▶ _Exercise input_
_ _ _ _
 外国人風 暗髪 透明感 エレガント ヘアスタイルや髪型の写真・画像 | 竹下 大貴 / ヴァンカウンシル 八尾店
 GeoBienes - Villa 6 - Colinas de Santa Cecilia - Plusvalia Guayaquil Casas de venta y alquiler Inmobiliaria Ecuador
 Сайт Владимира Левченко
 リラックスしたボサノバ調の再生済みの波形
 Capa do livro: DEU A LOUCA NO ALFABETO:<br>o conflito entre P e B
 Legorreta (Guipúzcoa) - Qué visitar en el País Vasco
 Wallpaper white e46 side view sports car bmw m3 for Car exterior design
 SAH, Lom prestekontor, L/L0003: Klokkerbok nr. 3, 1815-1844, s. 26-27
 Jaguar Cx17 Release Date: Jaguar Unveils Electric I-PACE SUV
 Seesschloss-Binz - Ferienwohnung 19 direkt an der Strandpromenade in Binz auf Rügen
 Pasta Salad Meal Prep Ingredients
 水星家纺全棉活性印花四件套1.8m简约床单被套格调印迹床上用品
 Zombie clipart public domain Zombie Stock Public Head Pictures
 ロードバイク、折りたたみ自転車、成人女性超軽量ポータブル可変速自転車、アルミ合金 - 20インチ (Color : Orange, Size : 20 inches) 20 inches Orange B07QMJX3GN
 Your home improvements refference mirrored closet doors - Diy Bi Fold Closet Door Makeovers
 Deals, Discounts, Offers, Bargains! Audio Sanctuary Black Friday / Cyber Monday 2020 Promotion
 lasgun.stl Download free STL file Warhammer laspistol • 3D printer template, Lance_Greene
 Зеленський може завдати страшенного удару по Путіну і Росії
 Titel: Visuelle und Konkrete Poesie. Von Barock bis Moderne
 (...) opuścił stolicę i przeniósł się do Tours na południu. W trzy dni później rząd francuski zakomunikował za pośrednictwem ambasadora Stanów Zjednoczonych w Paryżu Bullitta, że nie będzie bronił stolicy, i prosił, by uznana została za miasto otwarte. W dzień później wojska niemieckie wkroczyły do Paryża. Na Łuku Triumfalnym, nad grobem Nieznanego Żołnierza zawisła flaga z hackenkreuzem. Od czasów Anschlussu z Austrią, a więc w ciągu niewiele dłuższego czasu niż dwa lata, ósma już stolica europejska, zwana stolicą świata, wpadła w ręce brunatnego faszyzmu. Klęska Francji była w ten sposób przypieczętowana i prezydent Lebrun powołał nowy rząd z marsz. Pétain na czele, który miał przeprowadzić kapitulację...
_ _ _ _
▶ _Your task_
Look above for the line with "Capa do livro: DEU" and the line with "Zombie clipart public"; transcribe both and all lines in between, exactly, and nothing else.

▶ _Answer to the exercise_
 Capa do livro: DEU A LOUCA NO ALFABETO:<br>o conflito entre P e B
 Legorreta (Guipúzcoa) - Qué visitar en el País Vasco
 Wallpaper white e46 side view sports car bmw m3 for Car exterior design
 SAH, Lom prestekontor, L/L0003: Klokkerbok nr. 3, 1815-1844, s. 26-27
 Jaguar Cx17 Release Date: Jaguar Unveils Electric I-PACE SUV
 Seesschloss-Binz - Ferienwohnung 19 direkt an der Strandpromenade in Binz auf Rügen
 Pasta Salad Meal Prep Ingredients
 水星家纺全棉活性印花四件套1.8m简约床单被套格调印迹床上用品
 Zombie clipart public domain Zombie Stock Public Head Pictures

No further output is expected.